9. After the data is handed over, our data recovery center will keep the data for 3 days to avoid mistakes that may be ignored.

[estimate cycle]

Backup time: about 2 hours

Time to explain and export data: about 4 hours

Relocate the operating system: about 4 hours.

[detailed explanation of process]

1. Make a complete mirror image of the original hard disk. After mirroring, it is found that disk 2 has 10-20 bad sectors, and the rest of the disk has no bad path.

2. Through the analysis of the structure, the best structure is 0min1jing2jue 3 disk sequence, missing disk 3, block size 512sector, backward parity (Adaptec), the structure is as follows:

3. After grouping, the data verify that there is no error in the decompression of the latest compression package above 200m, and the structure is correct.

4. Directly generate virtual RAID to a single hard disk according to this structure, and open the file system without obvious error.

5. If the backup package is safe, rebuild the RAID on the original disk with the consent of the customer, and replace the damaged No. 2 disk with a new hard disk during reconstruction. Connect the recovered single disk to the faulty server by USB, then start the faulty server with linux SystemRescueCd, and then write back completely through the dd command.

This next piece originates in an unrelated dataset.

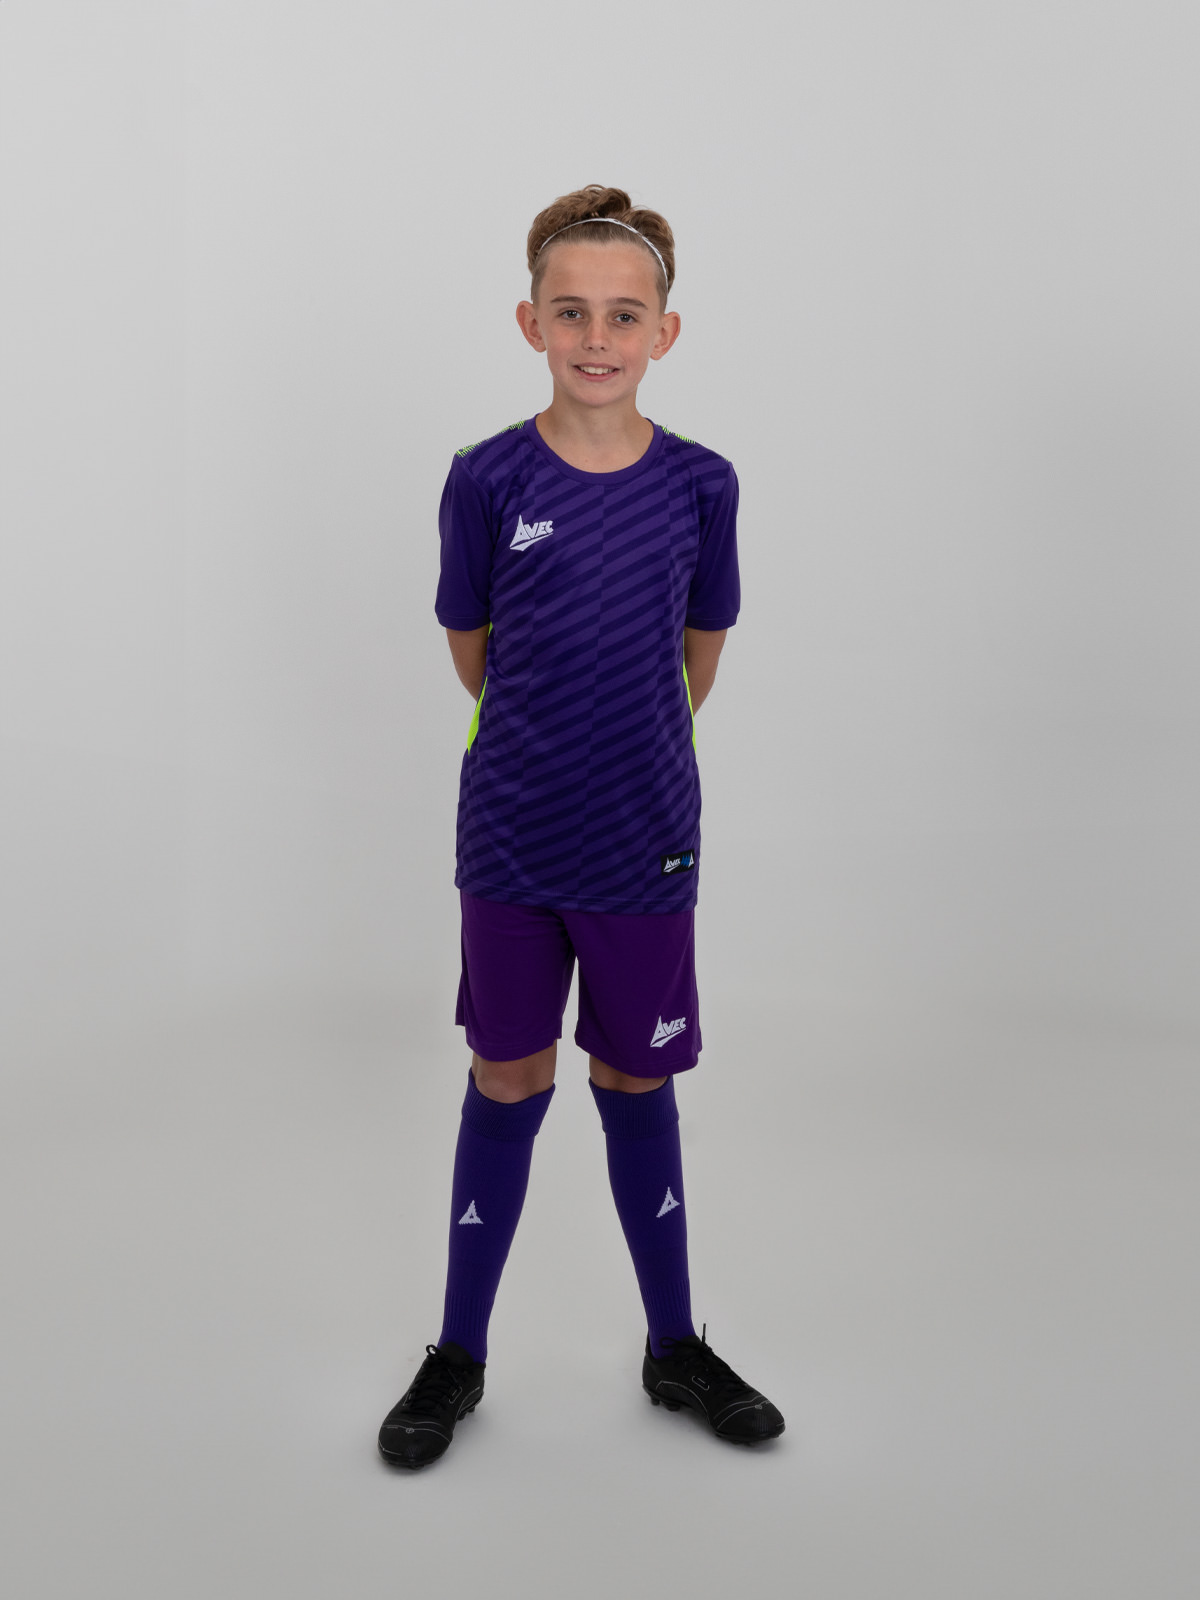 a full childs purple football kit

6. After writing back, start the operating system.

7. After dd all the data, start the operating system and cannot enter. The error message is: / etc/rc.d/rc.sysinit:Line 1:/sbin/pidof:Permission denied. There is a problem with the permissions of this file.

8. Check after restarting with SystemRescueCd, there is an obvious error in the time, permission and size of this file, and it is obvious that the node is damaged.

9. Re-analyze the root partition in the reorganized data, locate the wrong / sbin/pidof, and find that the problem is caused by the bad path of disk 2.

10. Use the three discs 0Jing 1jue 3 to repair the damaged area of disk 2 with xor. Recheck the file system after completion, and there are still errors. Check the inode table again and find that some nodes in the damaged area of disk 2 appear as follows (part 55 / 55 in the figure):

11. It is obvious that although the uid described in the node still exists, the attribute, size, and initial allocation block are all wrong. According to all possible analysis, it is determined that there is no way to recover the damaged node. You can only want to repair this node or copy the same file. For all files that may have errors, the node information of the original node block is determined through the log, and then corrected.

12. After correction, re-dd the root partition, execute fsck-fn / dev/sda5, and still report an error, as shown below:

13. According to the prompt, it is found that multiple nodes share the same data block in the system. The bottom analysis is carried out according to this prompt, and it is found that due to the early drop of disk 3, there is an intersection of new and old node information.

14. Distinguish according to the file to which the node belongs. After clearing the error node, execute fsck-fn / dev/sda5 again, and there is still an error message, but there is very little. According to the prompt, it is found that most of these nodes are located in the doc directory, which does not affect the system startup, so directly fsck-fy / dev/sda5 forcibly repair.

15. After repair, restart the system and successfully enter the desktop. Start the database service, start the application software, everything is normal, there is no error report.

At this point, the data recovery and system relocation work is completed.

Welcome to subscribe "Shulou Technology Information " to get latest news, interesting things and hot topics in the IT industry, and controls the hottest and latest Internet news, technology news and IT industry trends.

*The comments in the above article only represent the author's personal views and do not represent the views and positions of this website. If you have more insights, please feel free to contribute and share.